[What to work on]: Without changing a word, return the listing below, minus its images.

[Collected data]:
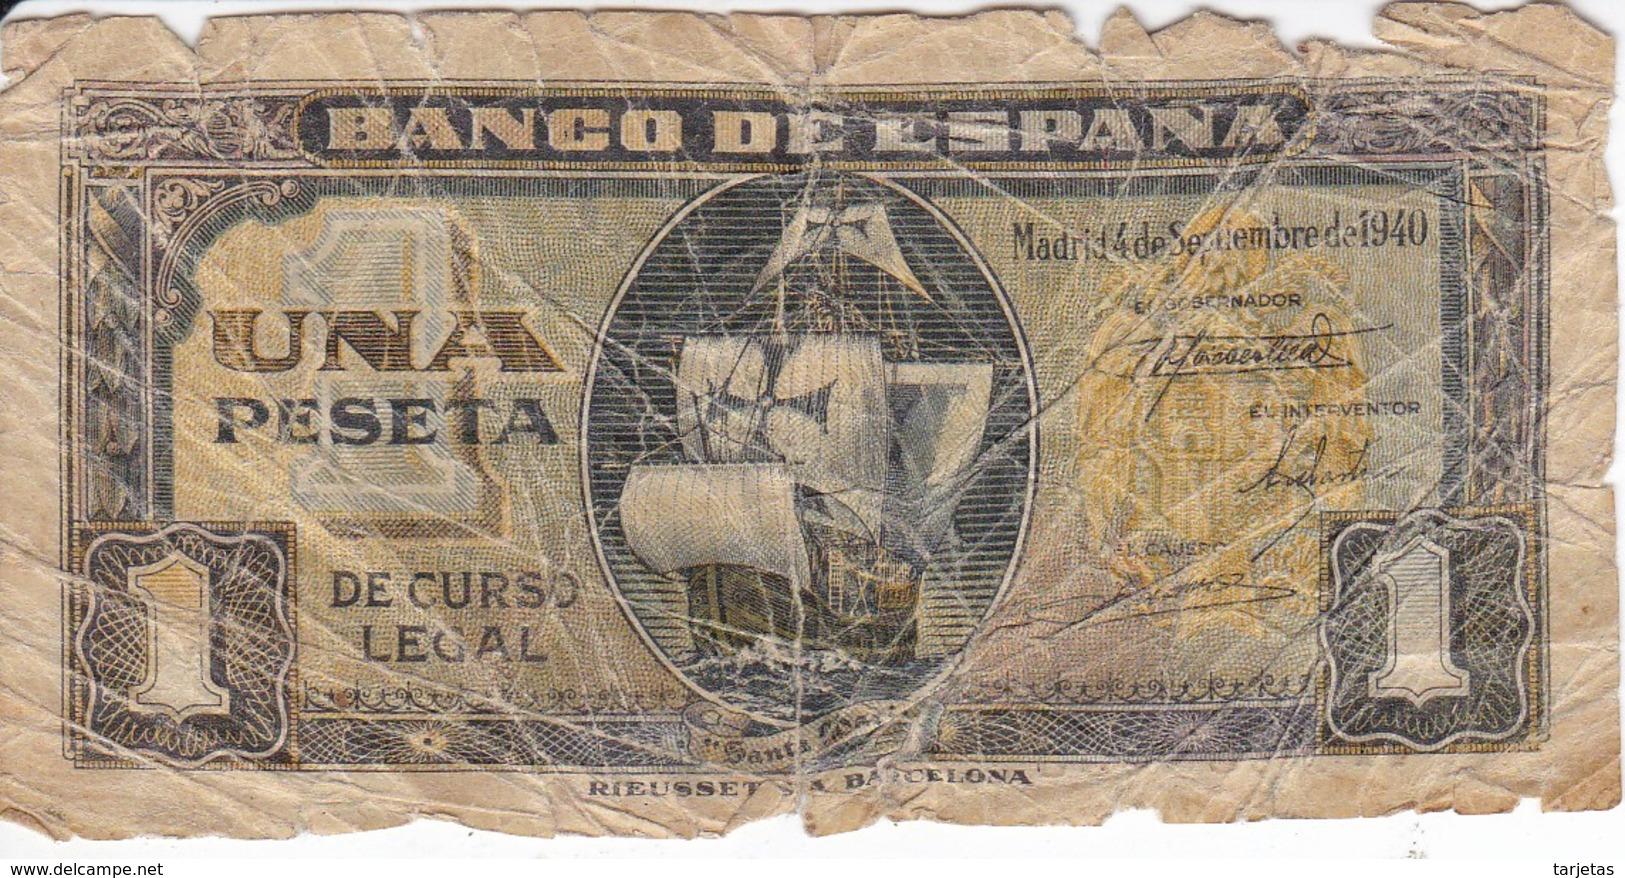 BILLETE DE ESPAÑA DE 1 PTA DEL 4/09/1940 SERIE A CARAVELA  (BANKNOTE) - 1-2 Pesetas
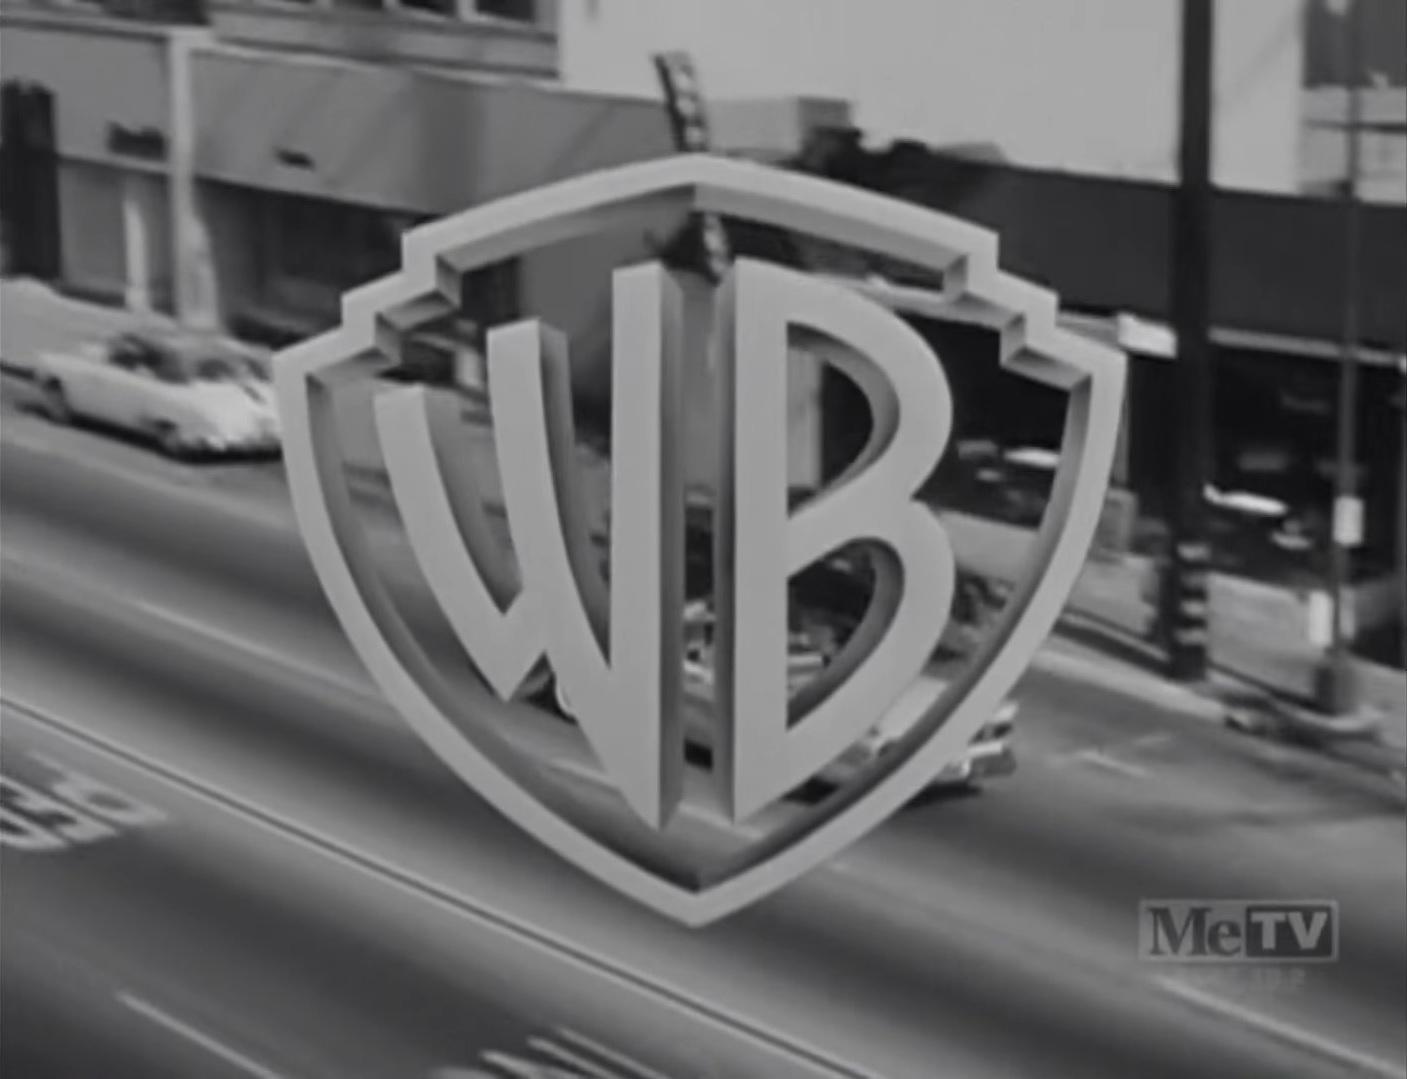 Warner Bros. Television/Other
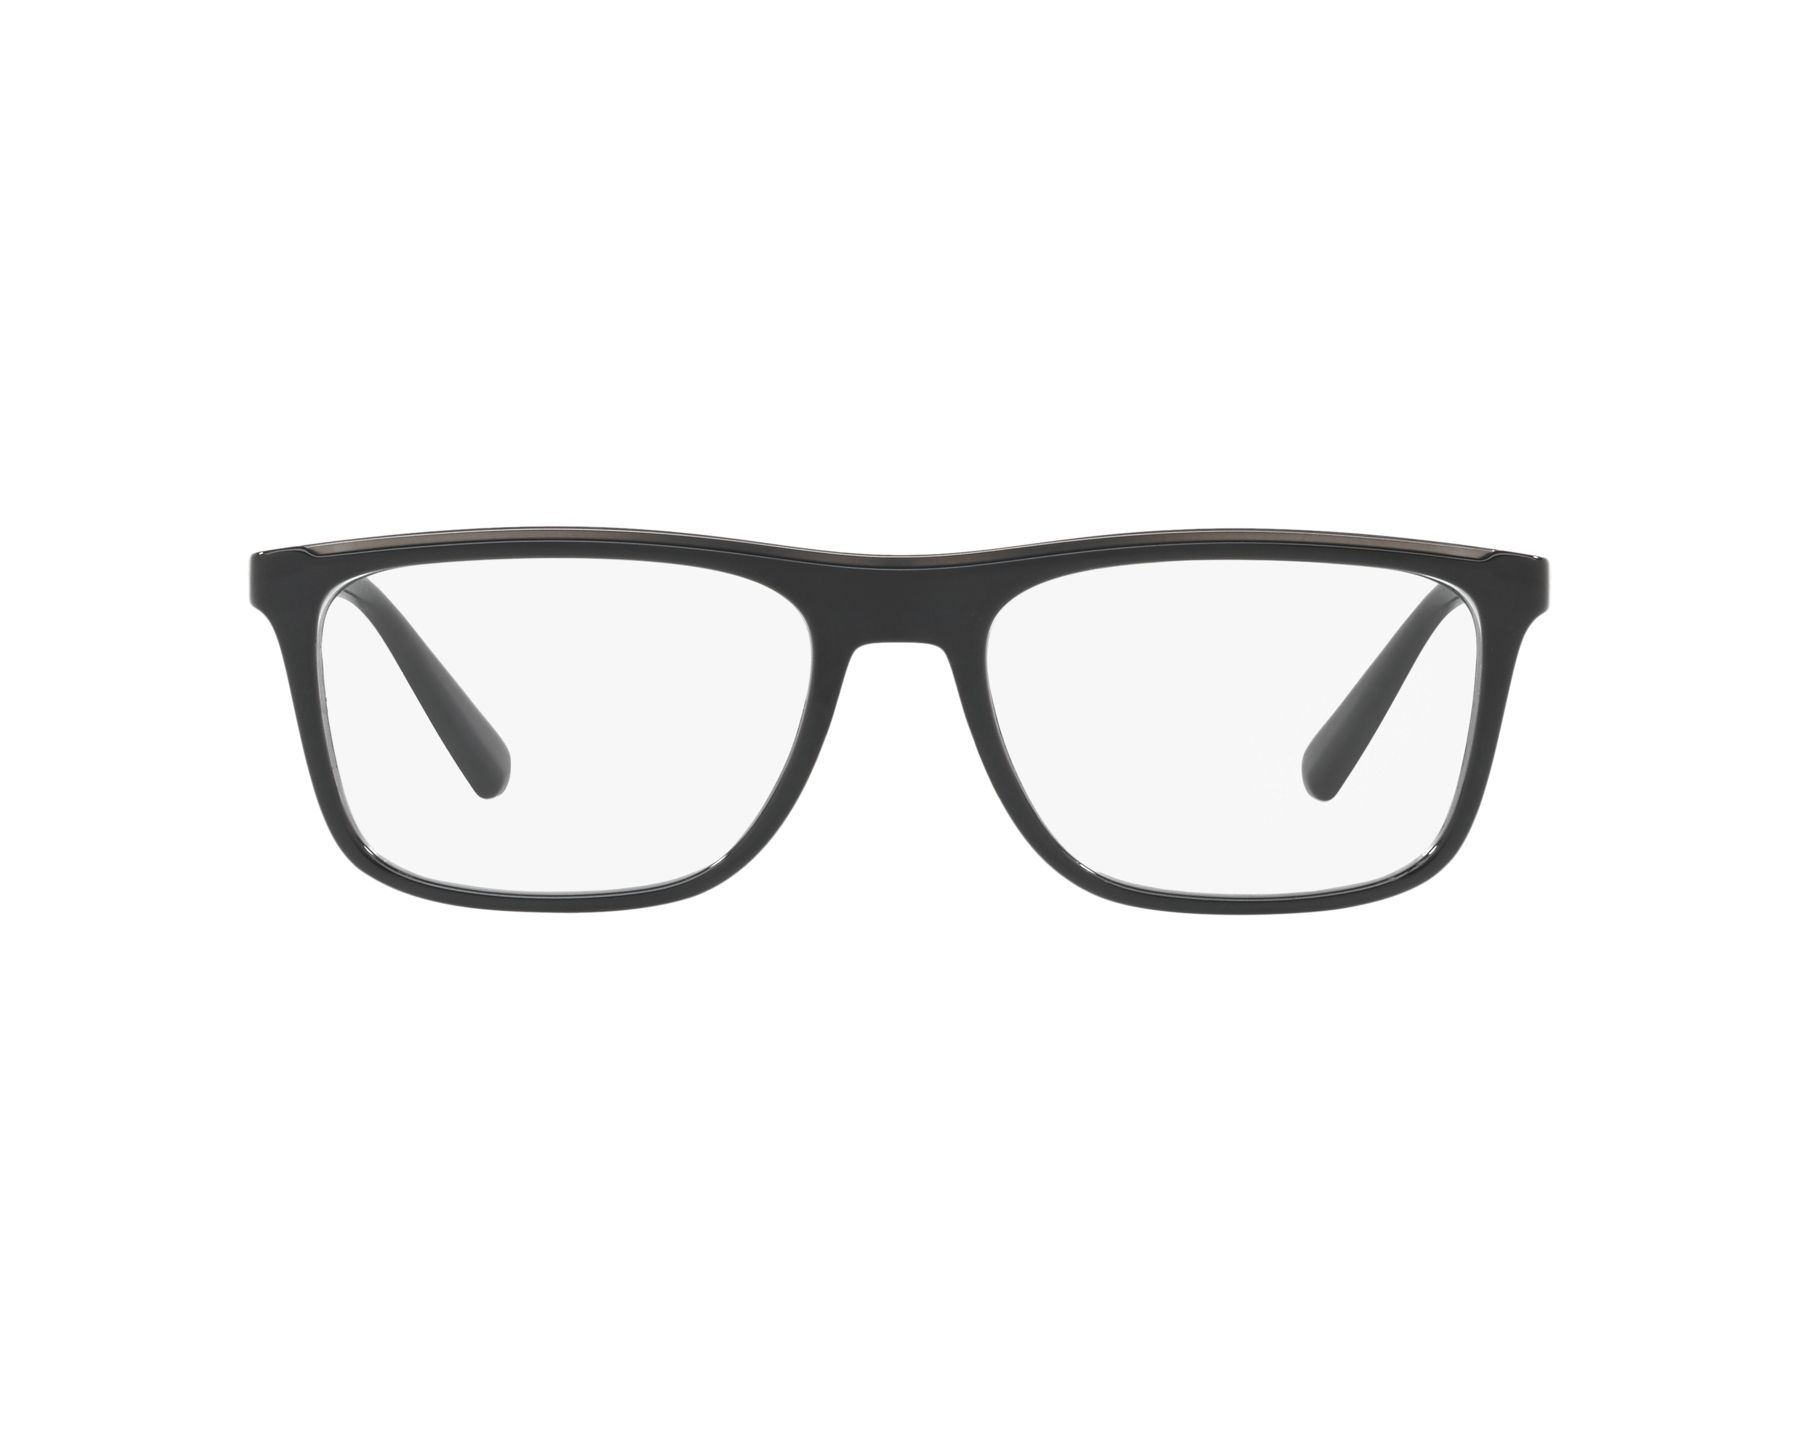 Emporio Armani Eyeglasses EA-3124 5017 Black | visio-net.com

[Answer]:
 BILLETE DE ESPAÑA DE 1 PTA DEL 4/09/1940 SERIE A CARAVELA  (BANKNOTE) - 1-2 Pesetas
 Warner Bros. Television/Other
 Emporio Armani Eyeglasses EA-3124 5017 Black | visio-net.com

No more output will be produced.